ACTIVITY >>
Every record below is to be restated verbatim, though its images are not.

EXERCISE MATERIALS >>
━━━━━━━━━━

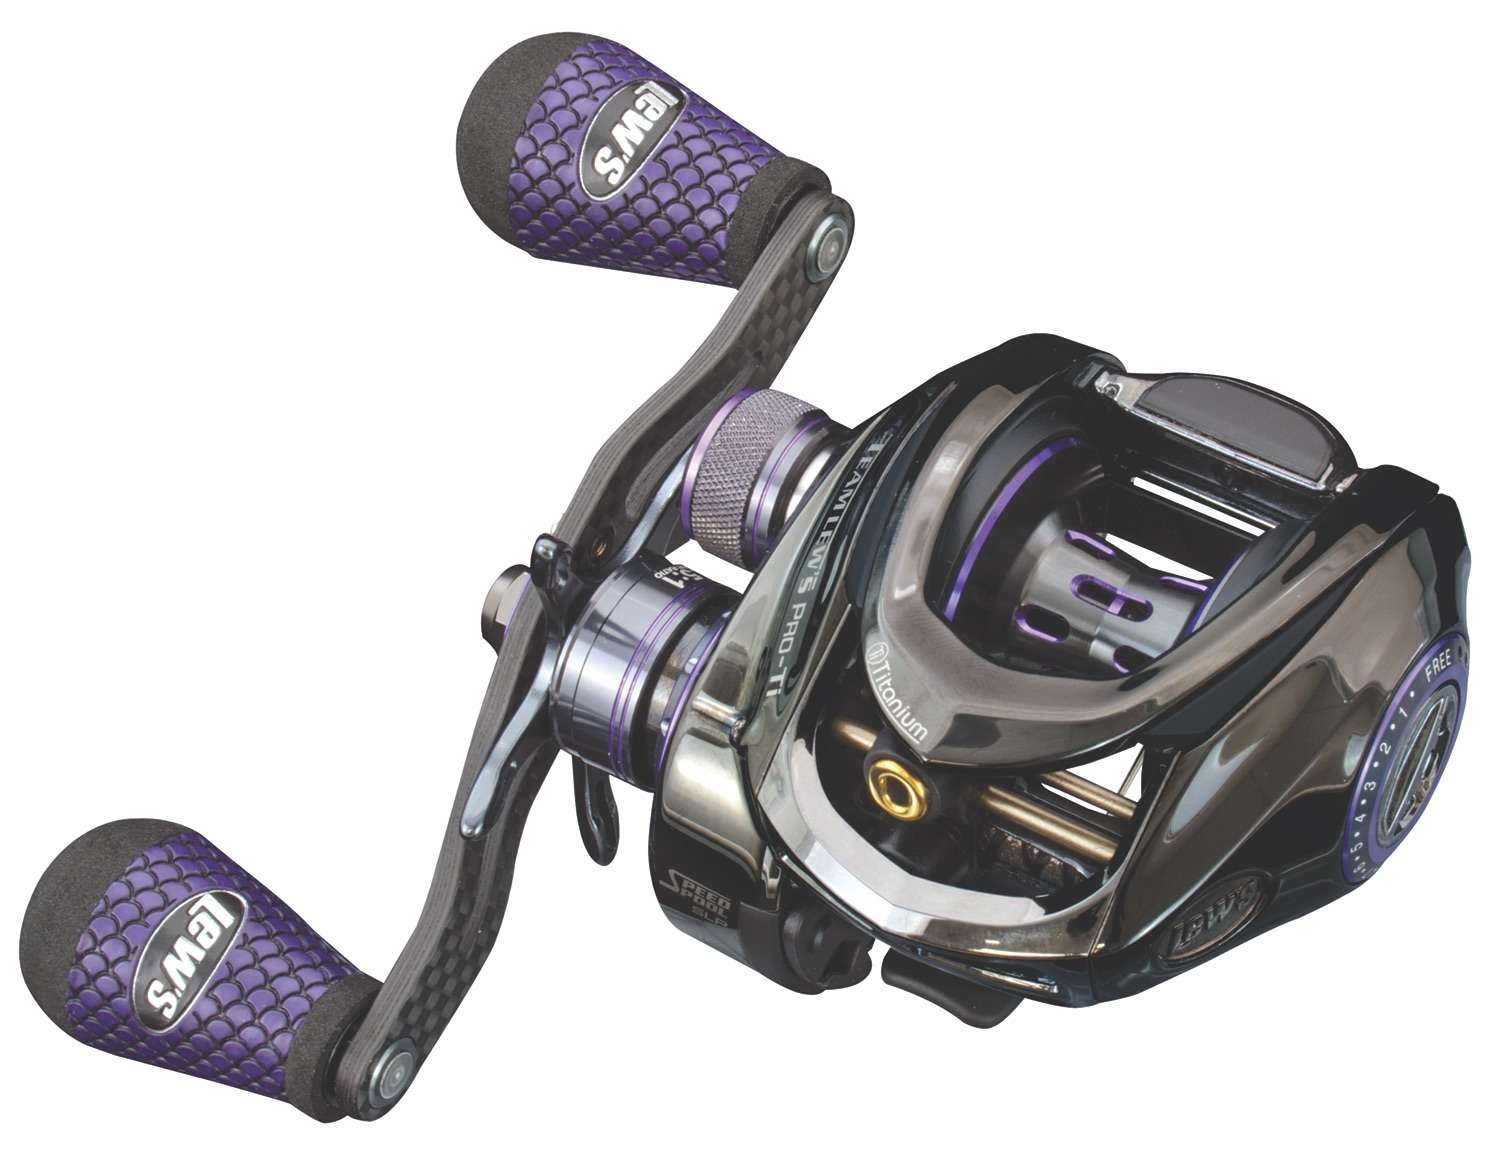 Pro-Ti SLP<br>
Lews<br>
$349.95<br>
Combining a one-piece aluminum frame and aluminum side plates with Titanium composition, this reel is the lightest, toughest reel ever produced by the legendary Lewâs brand to date. Hard aluminum alloy Speed Gears that have been cut on the finest Hamai CNC gear hobbing machine provide precision gear mesh that maximizes smoothness and durability. A premium 11 bearing system with double-shielded Stainless-Steel ball bearings and a Zero Reverse one-way clutch bearing add to the smoothness and durability of this reel.
<br><br>
Not only is the new Pro-Ti SLP light and tough, but itâs also extremely user friendly to make the
anglerâs day on the water a success. The proprietary brake shoe geometry of the externally adjustable six-pin, 27-position QuietCast Adjustable Centrifugal Braking System (ACB) means a quieter and smoother braking system. The exclusive and patented Speed Dial line indicator means no more forgetting what type of line is spooled on each reel, and the patented Speed Keeper hook keeper provides a convenient place to keep baits at the ready when not in use.

━━━━━━━━━━

RESPONSE TO THIS EXERCISE >>
 Pro-Ti SLP<br>
Lews<br>
$349.95<br>
Combining a one-piece aluminum frame and aluminum side plates with Titanium composition, this reel is the lightest, toughest reel ever produced by the legendary Lewâs brand to date. Hard aluminum alloy Speed Gears that have been cut on the finest Hamai CNC gear hobbing machine provide precision gear mesh that maximizes smoothness and durability. A premium 11 bearing system with double-shielded Stainless-Steel ball bearings and a Zero Reverse one-way clutch bearing add to the smoothness and durability of this reel.
<br><br>
Not only is the new Pro-Ti SLP light and tough, but itâs also extremely user friendly to make the
anglerâs day on the water a success. The proprietary brake shoe geometry of the externally adjustable six-pin, 27-position QuietCast Adjustable Centrifugal Braking System (ACB) means a quieter and smoother braking system. The exclusive and patented Speed Dial line indicator means no more forgetting what type of line is spooled on each reel, and the patented Speed Keeper hook keeper provides a convenient place to keep baits at the ready when not in use.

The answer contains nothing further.